On the flip side you will always have your drawbacks.  Some of the Flyers other rivals, i.e. the Bruins, Canadiens, Sabres, and Lightning will now only be faced twice a season as opposed to the four times now. Another complaint I have been hearing a lot is playing tougher opponents in the first round of the playoffs.  Think about it. If the playoffs from Conference D had the Rangers, Penguins, and Capitals, the Flyers would face one of them in the first round.  

Pretty tough.  

But I look at it this way, If you want to be the best, you have to beat the best.  It makes the playoffs that much more exciting.  Another con for our Philly boys will be a slightly increased travel schedule.  Heading west will be a more common occurrence in the new NHL.  From what I have read from Gary Bettman, the travel will be accommodated with more focus on scheduling days between travel games.  So I don’t think it will factor into the play too much.  No, Vancouver, travel is NOT an excuse for no Cups ever. But I digress.
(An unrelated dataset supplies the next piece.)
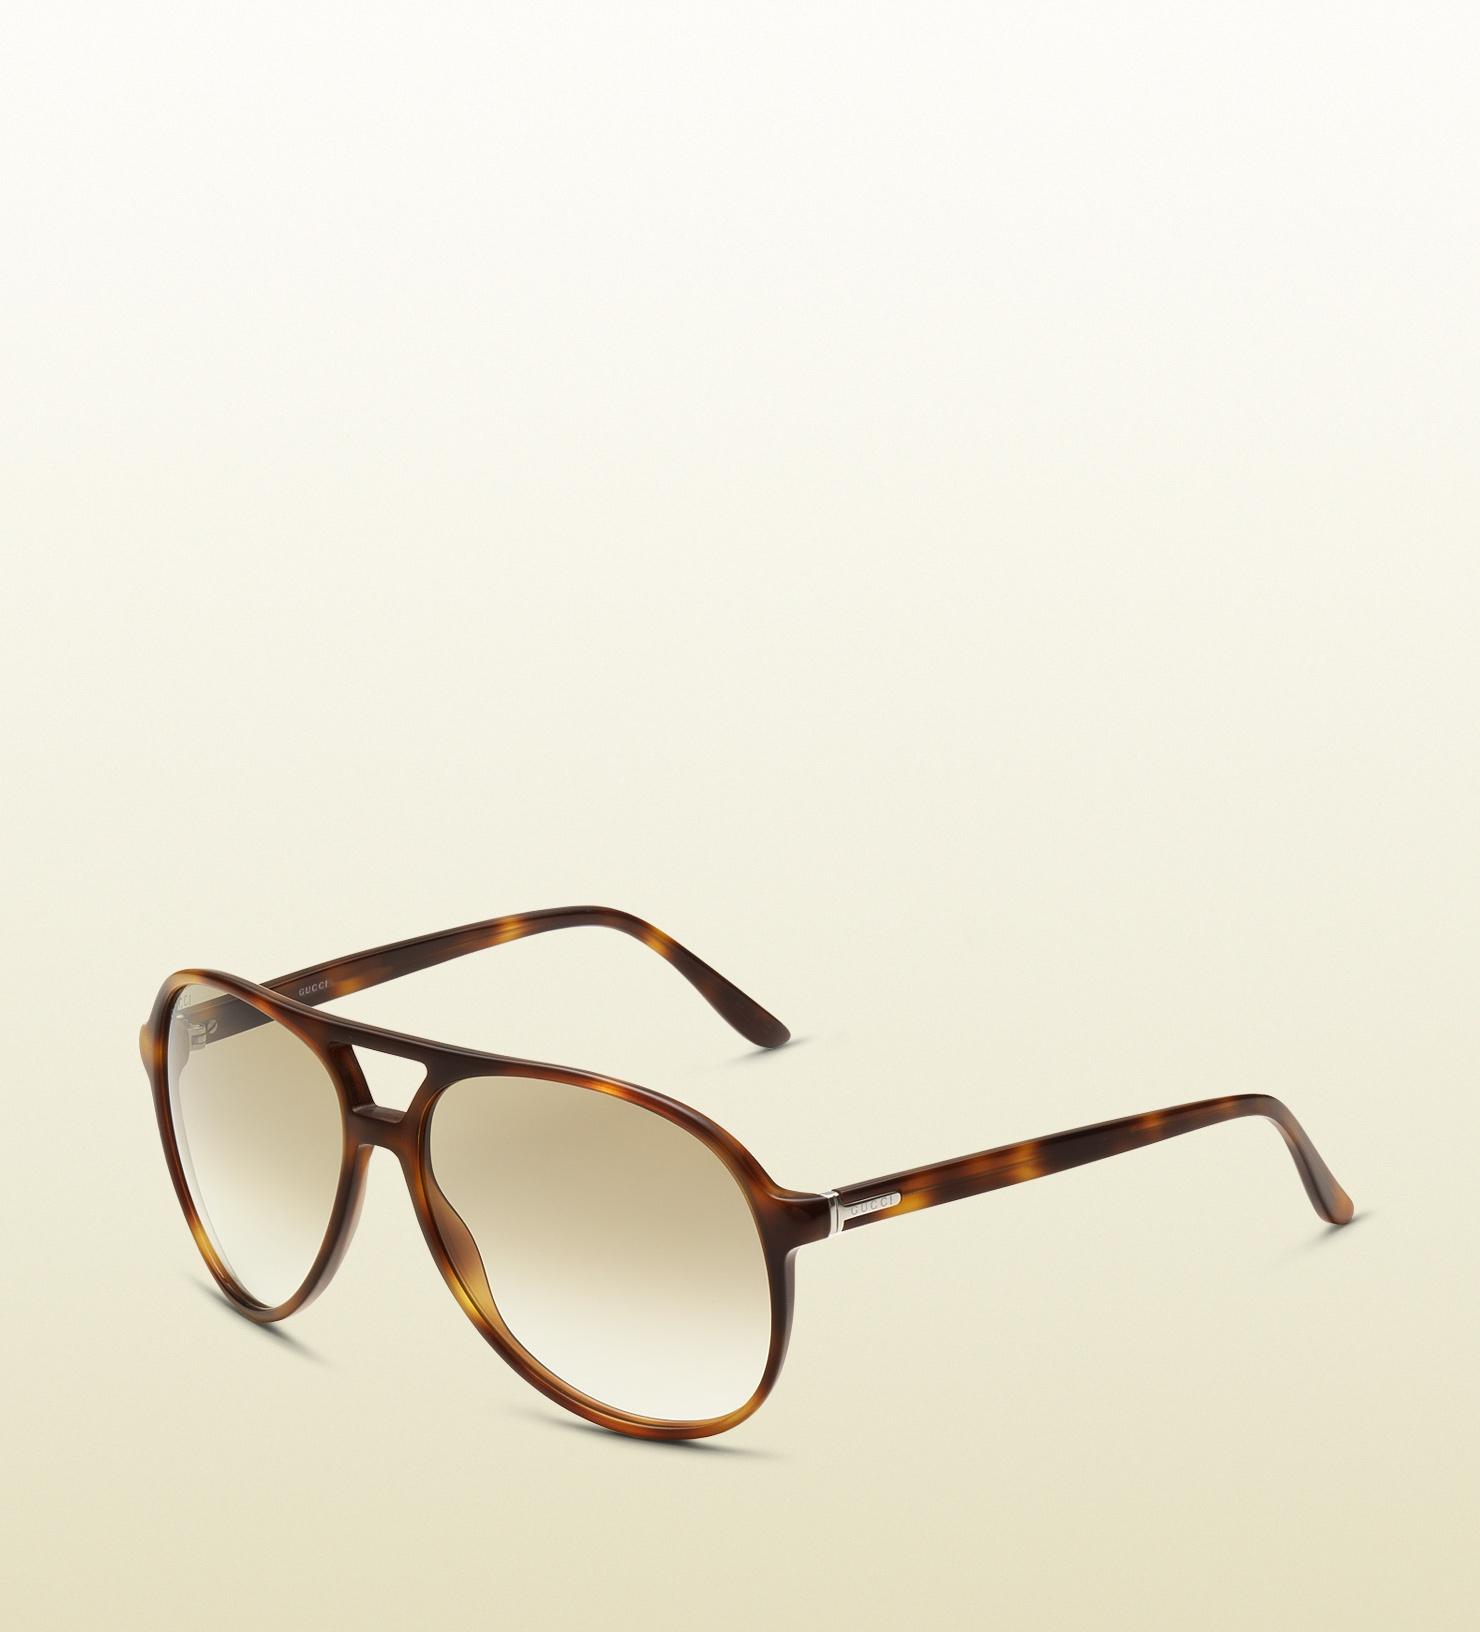 e9d77353c25 Lyst - Gucci Mens Light Havana Aviator Sunglasses in Brown for Men
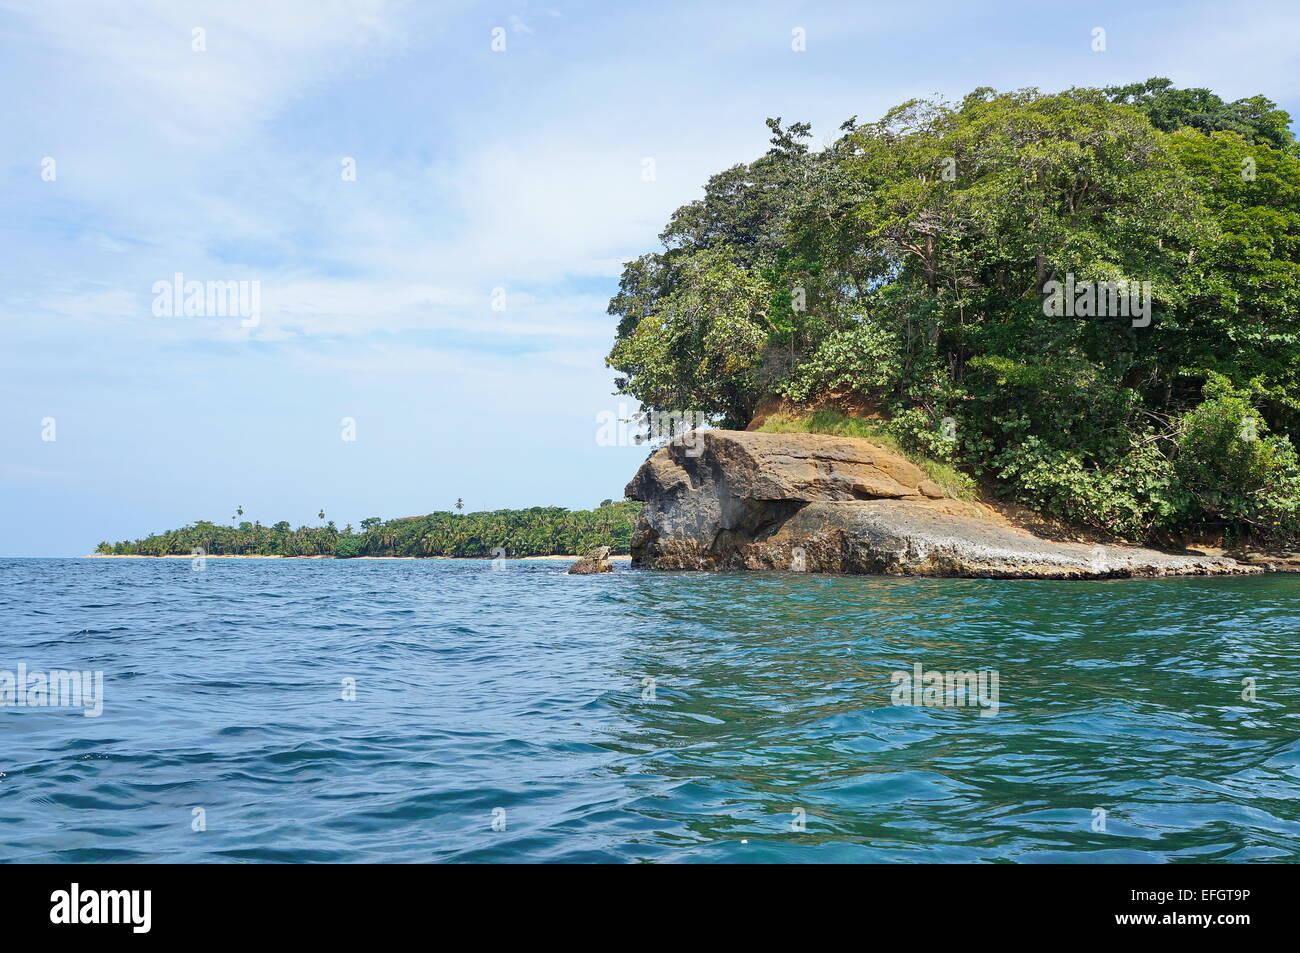 Punta Uva in Costa Rica on the Caribbean coast near Puerto Viejo de Talamanca, Central America - Stock Image

Overall, I think that this is a very exciting step for the NHL. It will give an “old school” flare to the new NHL.  Especially if the NHL decides to use the antique names for the conferences.  I, for one, hope the NHL decides to give the original fans, who have stuck by them through thick and thin, something to be excited about.  

The fact remains that this is radical for the NHL.  Nobody likes change at first.  Trust me when I say, that you will not be disappointed once this plan gets underway.  Oh, and don’t forget to start building up your hate for the Capitals and Hurricanes now.  They are a new addition to an already exciting division.  Let’s show them how we roll in the Atlantic. This ain’t the Southeast anymore. Get excited Flyers fans, some great hockey awaits, and this is only the beginning of a new chapter.